Food for Free (1972)

Many of Richard Mabey’s books read as ahead of their time: he seems to have been presciently in touch with what was going on in nature years before the rest of us. His first book Food for Free appeared decades before foraging became a thing. The idea had come to him after holidays in Norfolk where he’d observed local people still harvesting wild food: “shellfish, samphire, fennel, sea spinach”.

Food for Free is a practical guide to what is good to pick and eat. But it had a radical agenda too, exploring our cultural links with plants and nature that extend far back in time but which have survived, and resetting our thinking about farming and food production. Its first publishers were cautious. They thought the book’s title ungrammatically vulgar and likely to date and suggested instead it be called Edible Plants of Hedgerow Bottoms. When it became a best seller they had the good grace to apologise. It is still in print and nowadays pays its author, so he has said, a pension.

When working in the early 1970s for Penguin in their west London offices at Harmondsworth, Mabey spent time exploring the nearby area that was new to him: it was a manmade edge-land, what we might now call an anthropogenic eco-tone, with disused canals, new housing estates, playing fields, gasometers, abandoned factories and gravel pits. Realising just how much habitat this mongrel terrain offered wildlife, Mabey went looking and, as a result, wrote The Unofficial Countryside.

It is a foundation text, documenting the rise of urban wildlife and understanding the biological value of such apparent non-places (gardens have higher densities of breeding birds than most farm and woodland countryside). Indeed, most of modern nature in Britain is urbanised today and this book showed that was to be the coming news. It also (and importantly) loved the unloved nature of these places, and loved also their hard-to-love species, the invader, the pest, and the weed. It is an unlikely optimistic book.

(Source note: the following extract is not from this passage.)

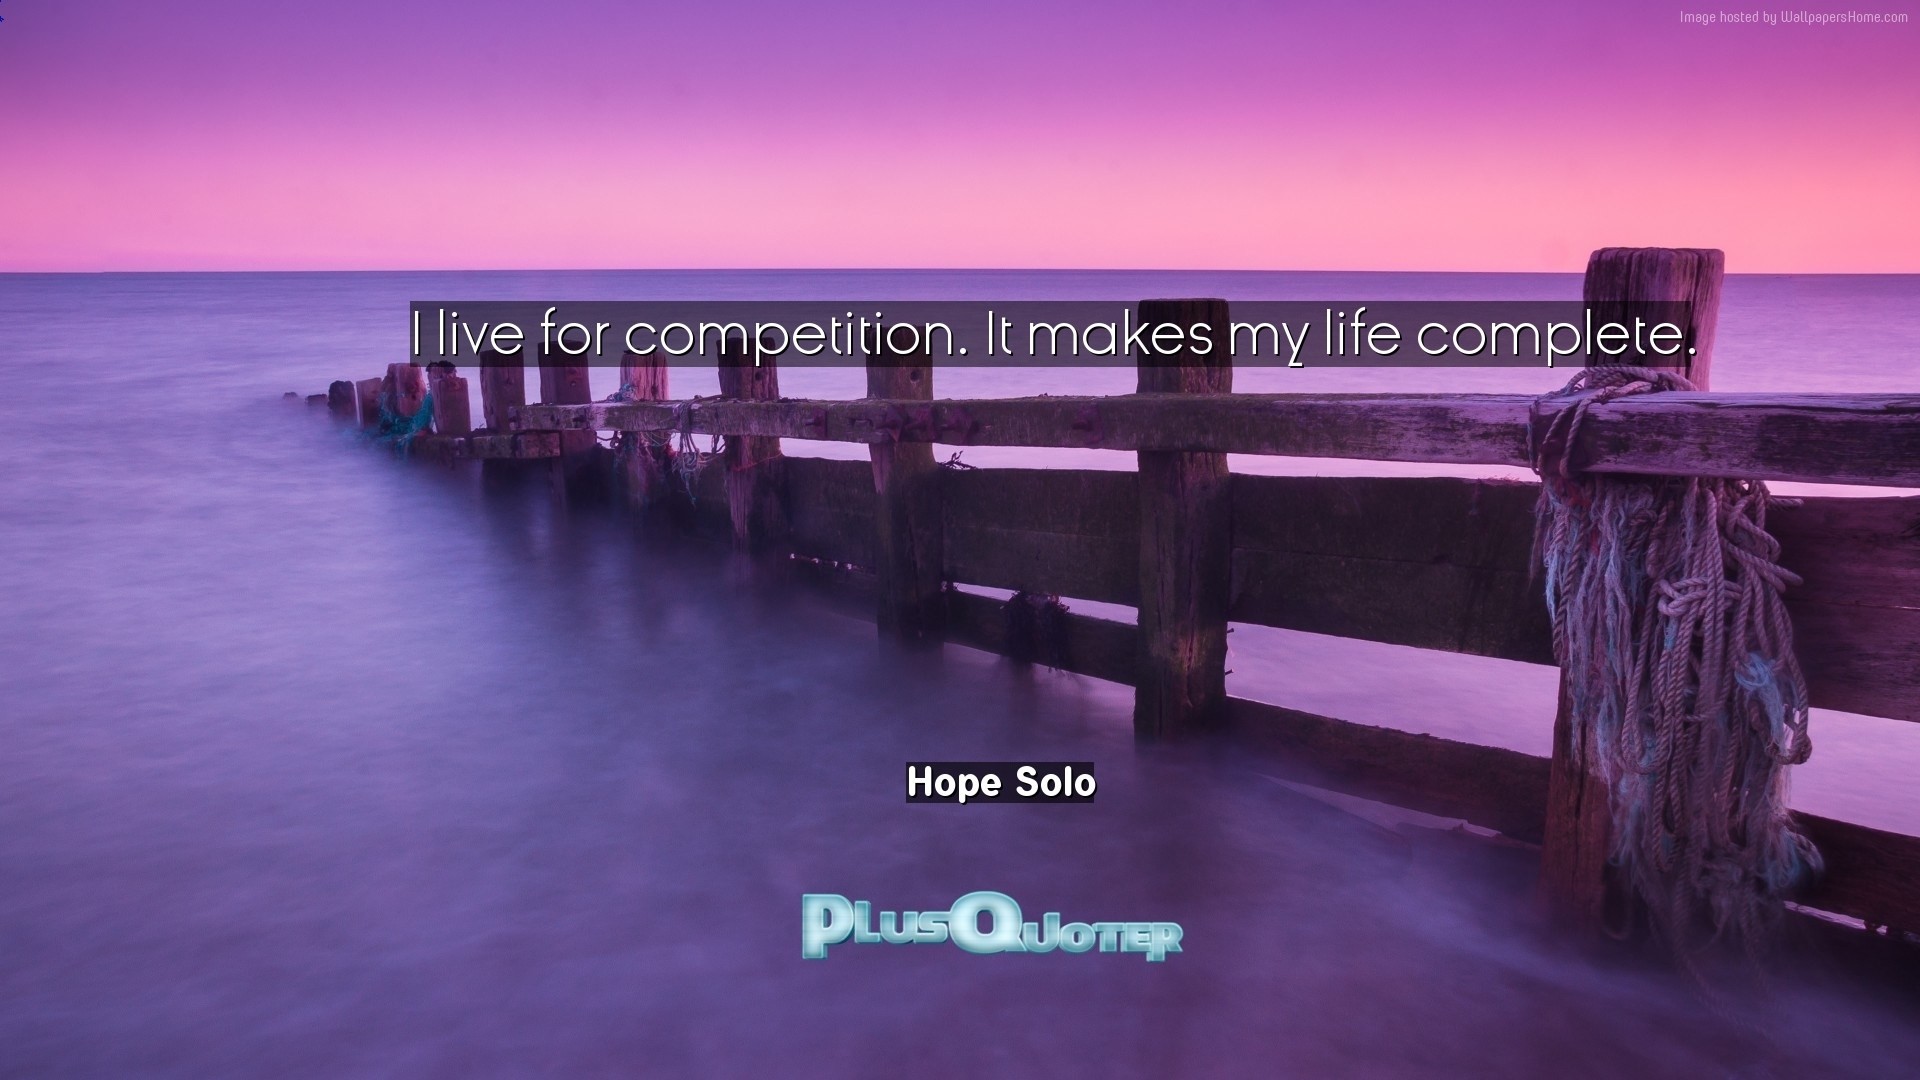 1920x1080 Download Wallpaper with inspirational Quotes- "I live for competition. It  makes my life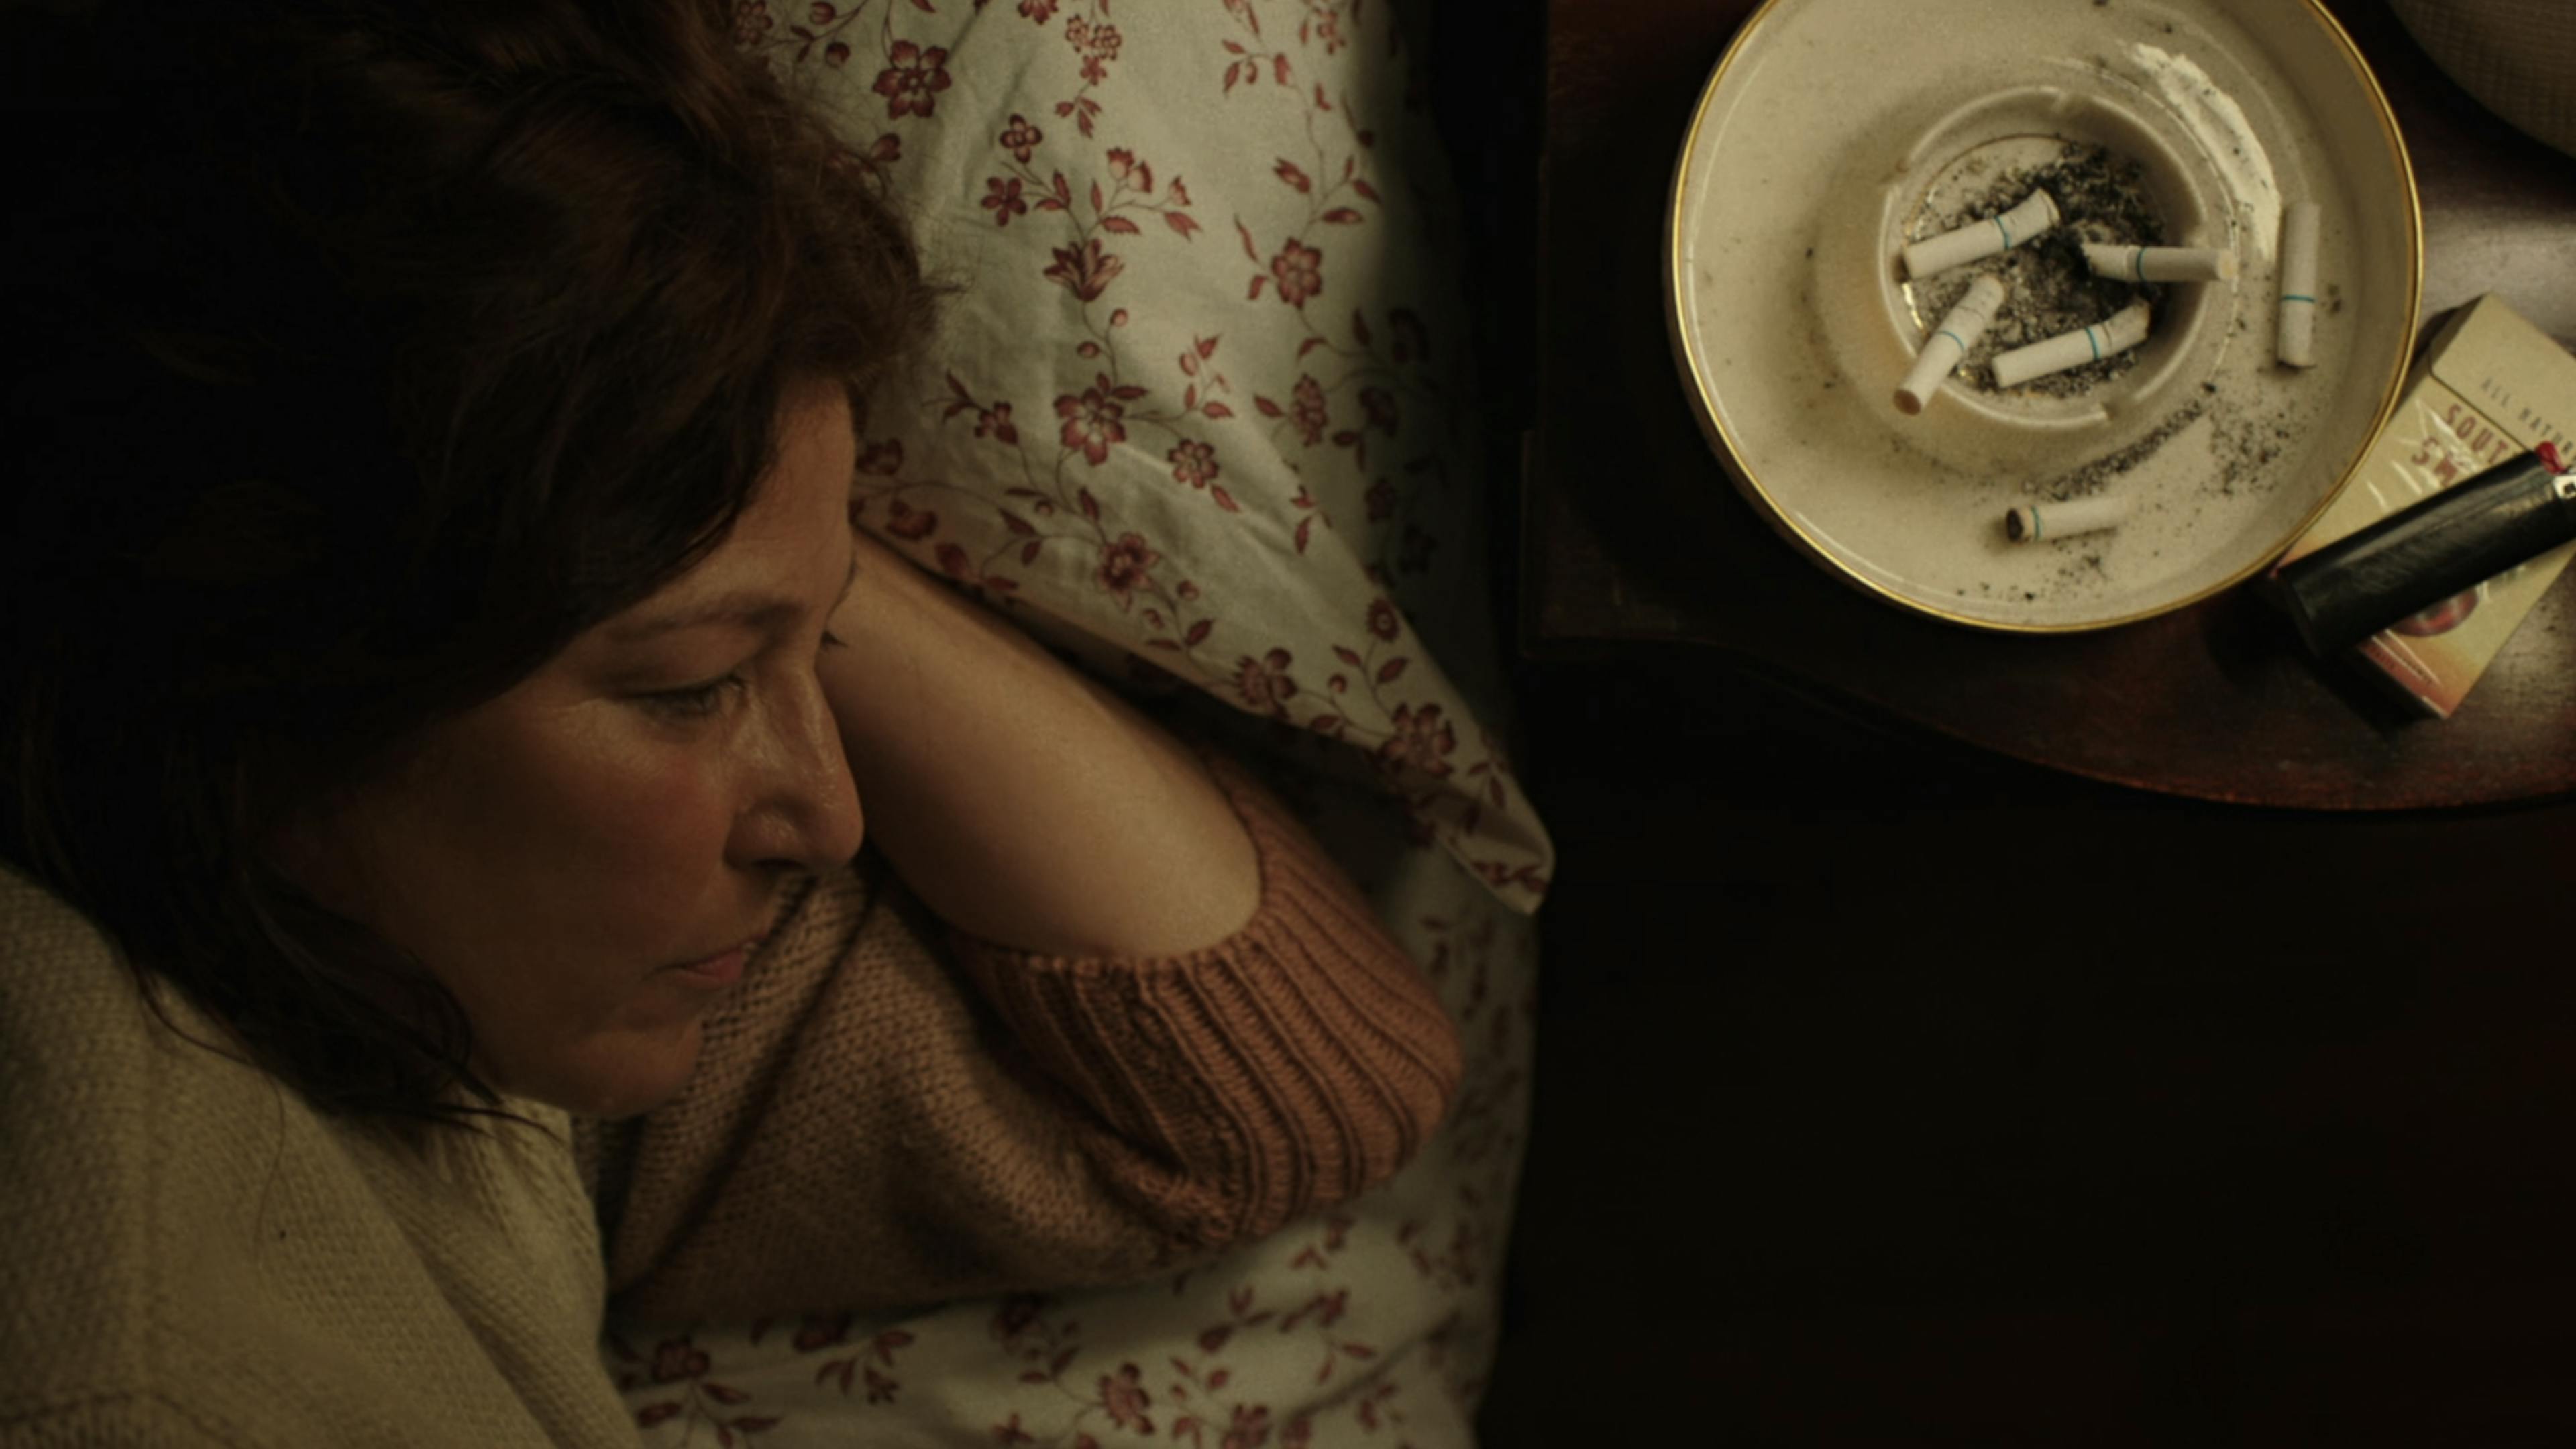 A woman lies in bed next to an ashtray with cigarettes

“The world of the real is fantastically important with me,” Richard Mabey has said.  “At readings, people occasionally ask about my spirituality. They assume because I’m at times rhapsodic about nature that I’ve gone into a new realm, but I don’t really understand what the word spiritual means. I am deeply a materialist; I don't want to have a metaphorical relationship with something beyond its reality. And, if materialist has a bad ring, call me a ‘matterist.’”

His great gift to all, over nearly 50 years, has been precisely that – countless non-invasive and non-depleting diggings in the hard matter of the wild world, repeated deliveries of the livingness of life. Mabey has never seen one in the wild but writes bewitchingly about the moonflower in his Cabaret of Plants (2015), describing also how the cactus fascinated the great botanical artist and English resident of Brazil, Margaret Mee. As if some almighty natural power was watching over events in the week of Mabey’s 80th birthday, a specimen of the moonflower at the Cambridge University botanical began to bloom for the first time. We don't give any quarter to magical thinking regarding nature –our man has told us so, many times – but there was something very definitely Mabey about that.